**Work required**.
Provide again, from the entries below, every line from the one containing "A ceramic vase" through the one containing "A couple rides", exactly as written, and no other line.

**Data to use**.
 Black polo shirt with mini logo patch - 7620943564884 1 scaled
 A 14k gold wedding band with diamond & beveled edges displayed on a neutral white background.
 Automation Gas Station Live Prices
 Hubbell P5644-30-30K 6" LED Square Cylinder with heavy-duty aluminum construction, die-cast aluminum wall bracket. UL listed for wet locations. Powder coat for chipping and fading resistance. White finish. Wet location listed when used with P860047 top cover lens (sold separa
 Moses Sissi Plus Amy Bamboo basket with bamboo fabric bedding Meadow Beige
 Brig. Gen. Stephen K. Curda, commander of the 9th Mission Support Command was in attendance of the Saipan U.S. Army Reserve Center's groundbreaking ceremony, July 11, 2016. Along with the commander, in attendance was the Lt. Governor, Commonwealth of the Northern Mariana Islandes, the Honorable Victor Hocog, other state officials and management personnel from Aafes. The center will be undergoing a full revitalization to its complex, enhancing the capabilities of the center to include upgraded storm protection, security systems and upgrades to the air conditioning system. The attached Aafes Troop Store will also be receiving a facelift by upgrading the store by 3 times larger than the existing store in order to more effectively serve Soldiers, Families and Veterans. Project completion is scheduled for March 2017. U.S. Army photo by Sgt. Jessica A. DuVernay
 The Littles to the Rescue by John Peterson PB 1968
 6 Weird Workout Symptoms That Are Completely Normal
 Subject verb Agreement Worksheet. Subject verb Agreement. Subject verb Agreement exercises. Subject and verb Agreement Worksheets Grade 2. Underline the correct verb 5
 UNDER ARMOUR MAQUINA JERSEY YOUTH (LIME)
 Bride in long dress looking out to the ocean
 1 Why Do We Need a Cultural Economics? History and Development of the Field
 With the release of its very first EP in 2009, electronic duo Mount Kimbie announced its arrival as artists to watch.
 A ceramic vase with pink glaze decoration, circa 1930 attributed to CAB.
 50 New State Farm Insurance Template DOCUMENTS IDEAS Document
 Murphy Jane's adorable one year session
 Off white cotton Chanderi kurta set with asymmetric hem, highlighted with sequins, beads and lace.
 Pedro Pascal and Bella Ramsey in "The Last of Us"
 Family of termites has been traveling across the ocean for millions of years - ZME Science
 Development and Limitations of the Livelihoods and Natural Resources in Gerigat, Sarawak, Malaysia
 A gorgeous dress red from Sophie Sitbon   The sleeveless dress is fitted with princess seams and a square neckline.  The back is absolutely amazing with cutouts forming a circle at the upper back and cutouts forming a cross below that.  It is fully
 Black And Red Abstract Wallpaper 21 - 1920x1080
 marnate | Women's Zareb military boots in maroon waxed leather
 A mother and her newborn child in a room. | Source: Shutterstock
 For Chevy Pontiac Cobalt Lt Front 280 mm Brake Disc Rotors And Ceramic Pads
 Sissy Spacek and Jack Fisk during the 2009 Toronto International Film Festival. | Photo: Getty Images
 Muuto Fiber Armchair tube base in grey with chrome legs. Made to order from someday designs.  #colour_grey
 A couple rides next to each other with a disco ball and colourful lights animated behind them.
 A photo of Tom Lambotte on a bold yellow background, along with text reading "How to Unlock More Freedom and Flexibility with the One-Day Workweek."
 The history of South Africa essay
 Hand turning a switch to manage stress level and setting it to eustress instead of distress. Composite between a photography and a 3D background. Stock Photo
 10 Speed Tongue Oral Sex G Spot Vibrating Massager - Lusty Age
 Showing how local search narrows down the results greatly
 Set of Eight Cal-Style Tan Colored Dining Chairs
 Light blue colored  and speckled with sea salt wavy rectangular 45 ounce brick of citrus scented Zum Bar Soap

**Task answer**.
 A ceramic vase with pink glaze decoration, circa 1930 attributed to CAB.
 50 New State Farm Insurance Template DOCUMENTS IDEAS Document
 Murphy Jane's adorable one year session
 Off white cotton Chanderi kurta set with asymmetric hem, highlighted with sequins, beads and lace.
 Pedro Pascal and Bella Ramsey in "The Last of Us"
 Family of termites has been traveling across the ocean for millions of years - ZME Science
 Development and Limitations of the Livelihoods and Natural Resources in Gerigat, Sarawak, Malaysia
 A gorgeous dress red from Sophie Sitbon   The sleeveless dress is fitted with princess seams and a square neckline.  The back is absolutely amazing with cutouts forming a circle at the upper back and cutouts forming a cross below that.  It is fully
 Black And Red Abstract Wallpaper 21 - 1920x1080
 marnate | Women's Zareb military boots in maroon waxed leather
 A mother and her newborn child in a room. | Source: Shutterstock
 For Chevy Pontiac Cobalt Lt Front 280 mm Brake Disc Rotors And Ceramic Pads
 Sissy Spacek and Jack Fisk during the 2009 Toronto International Film Festival. | Photo: Getty Images
 Muuto Fiber Armchair tube base in grey with chrome legs. Made to order from someday designs.  #colour_grey
 A couple rides next to each other with a disco ball and colourful lights animated behind them.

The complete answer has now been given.